For one fender, front bumper, head light assembly and one fog light. Cost $4700


----------



## jpalamar (Jul 22, 2008)

davidlangenderfer said:


> For one fender, front bumper, head light assembly and one fog light. Cost $4700


+1 my co-worker curbed mine and killed it. Was $6000 for bumper, wheel, tire, bumper cover, shock abosrber, fog, grills, cradle, knuckle and hub, ect,,,

With it being a decent mile 06, i'm not sure what they will do. Probally very close though.


----------



## FastFrank (Jun 12, 2009)

jpalamar said:


> +1 my co-worker curbed mine and killed it. Was $6000 for bumper, wheel, tire, bumper cover, shock abosrber, fog, grills, cradle, knuckle and hub, ect,,,
> 
> With it being a decent mile 06, i'm not sure what they will do. Probally very close though.


Ok, I'll bite... why was your co-worker driving your goat? Sure, I'll let my co-worker drive my winter beater, but never the GTO.

Even minor repairs can be very expensive. That damage looks pretty serious. structural damage as well as cosmetic. I'll be surprised if they don't total it.


----------



## jpalamar (Jul 22, 2008)

FastFrank said:


> Ok, I'll bite... why was your co-worker driving your goat? Sure, I'll let my co-worker drive my winter beater, but never the GTO.
> 
> Even minor repairs can be very expensive. That damage looks pretty serious. structural damage as well as cosmetic. I'll be surprised if they don't total it.


He has always been a car guy. Had SRT-10 Ram. I figured he could handle it.
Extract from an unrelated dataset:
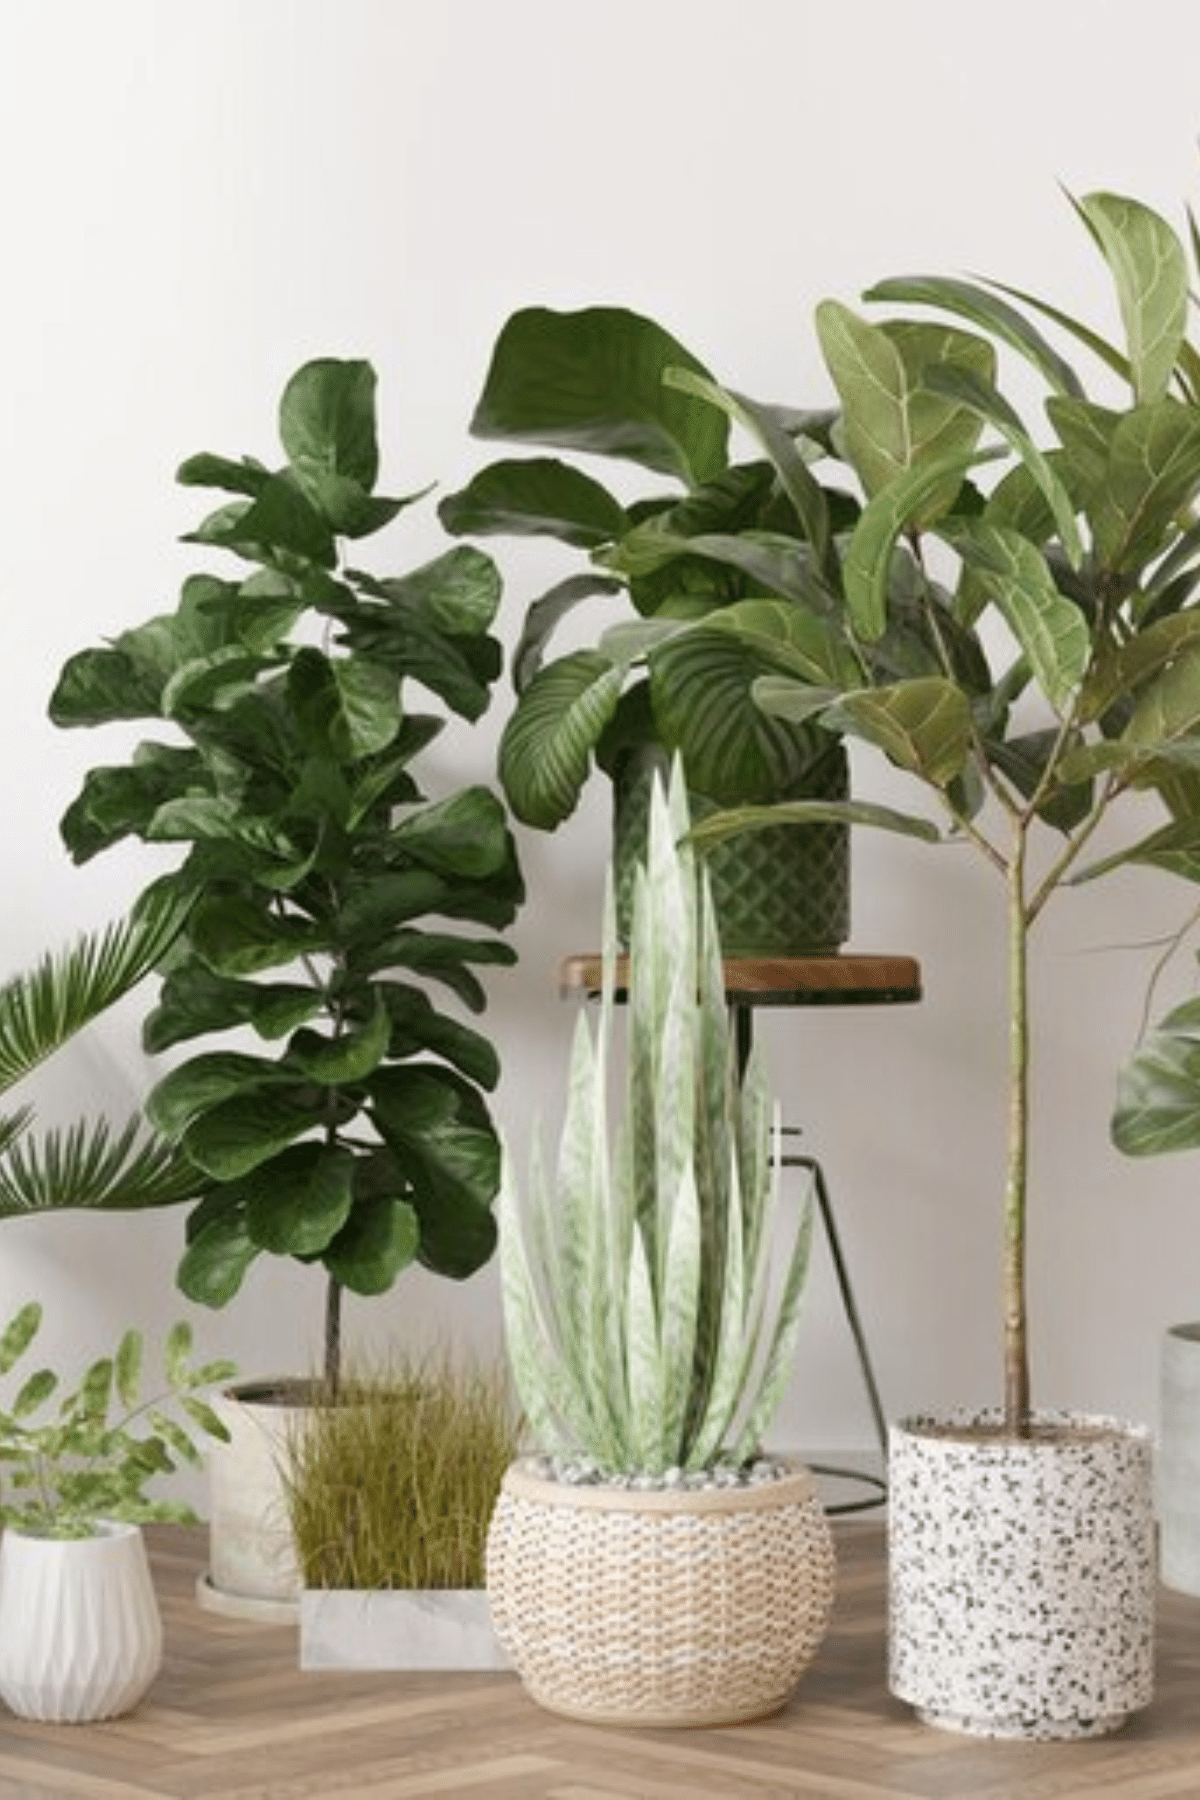 Various tropical house plants in modern stylish pots.

Not so sure as I had to get someone to drive me home from work and borrow a friend that's deployed car for a few while while it was fixed.


----------



## GTO JUDGE (May 14, 2005)

Looks totaled to me.


----------



## orangestorm (Nov 13, 2008)

She's a goner, Damn and a Brazen one at that!


----------



## Aramz06 (Mar 2, 2008)

orangestorm said:


> She's a goner, Damn and a Brazen one at that!



:agree Beautiful color, what a loss. 
Does this mean you get a new goat? Or another car?


----------



## Hubbard1982 (Jul 15, 2008)

I was figuring to hear that most repairs were costly on the goat. For sure this will need bumper, lights, hood, windshield, radiator, two quarter panels, intake, battery among many more. Sad thing is it has new tires, new magnaflow exhaust, remote start with some other things.
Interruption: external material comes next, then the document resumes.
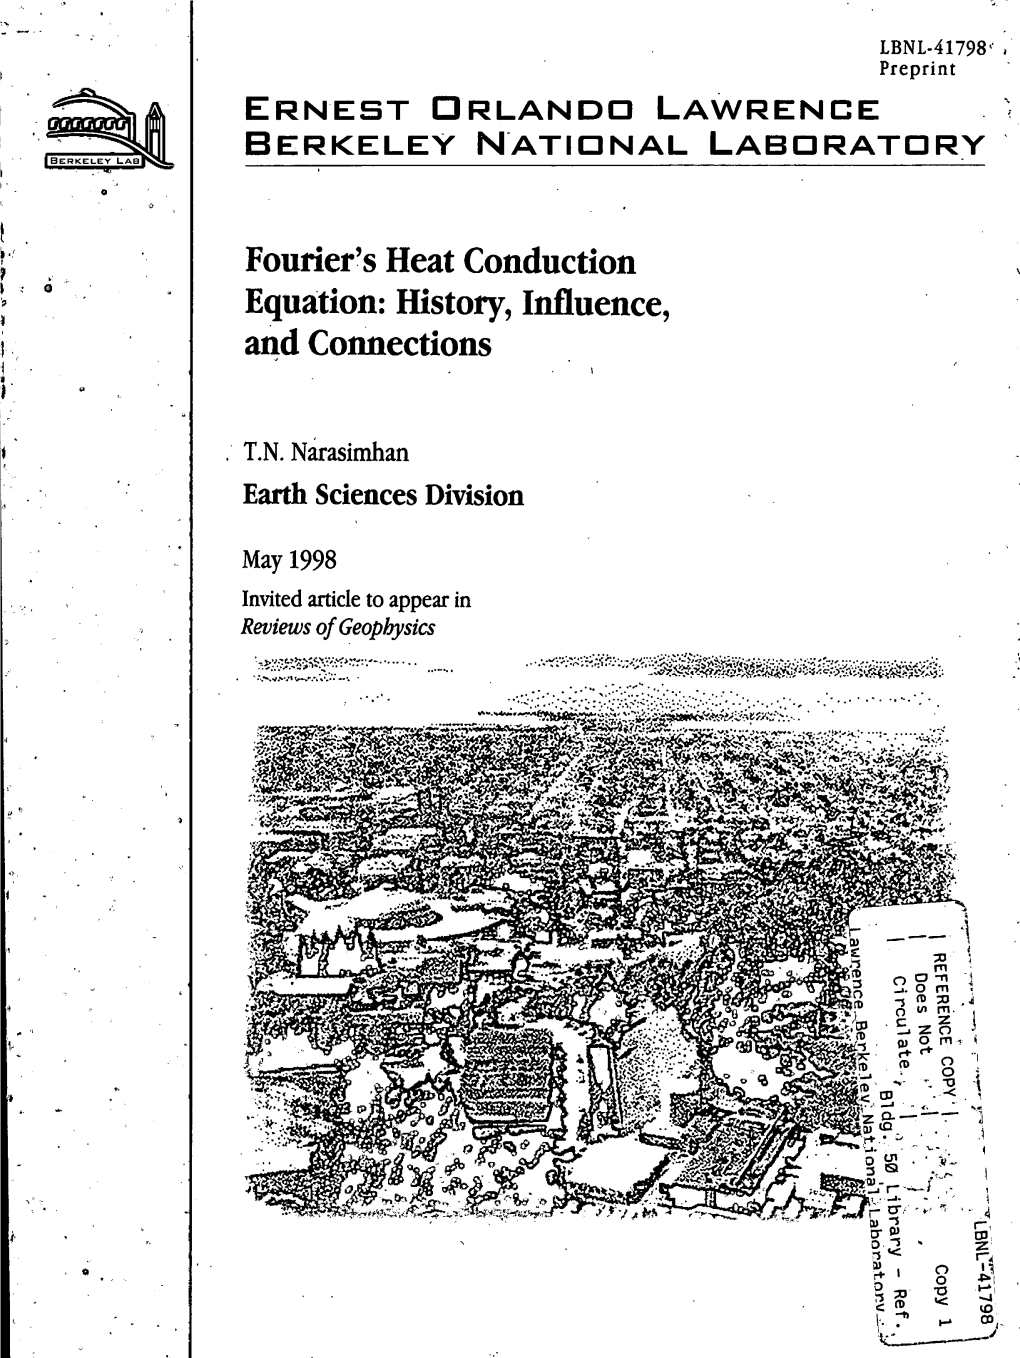 Fourier's Heat Conduction Equation: History, Influence, and Connections

If it totals out I doubt another goat will be the order, probably something more pratical for the time being . I am not sure though, time will tell I guess. I will keep all posted when I get a damage estimate.


----------



## The_Goat (Mar 10, 2005)

Does it have the plan black interior? If you wind up parting it out, I'll buy the seats.. my stitching is all coming undone!


----------



## FastFrank (Jun 12, 2009)

Looking at that picture makes me sad. The headlight is still on. It's kind of like she died with her eyes open.


----------



## GTO JUDGE (May 14, 2005)

FastFrank said:


> Looking at that picture makes me sad. The headlight is still on. It's kind of like she died with her eyes open.


----------



## Gotagoat (Jan 6, 2006)

I've had my '05 since it was new and now have 21K on the odometer. I've often asked my wife if she wanted to drive it. She always laughs and says something like "not if it was the last car on earth". Pictures like this speak to one of the reasons we've been married 39 years.


----------



## svede1212 (Nov 1, 2005)

Gotagoat said:


> I've had my '05 since it was new and now have 21K on the odometer. I've often asked my wife if she wanted to drive it. She always laughs and says something like "not if it was the last car on earth". Pictures like this speak to one of the reasons we've been married 39 years.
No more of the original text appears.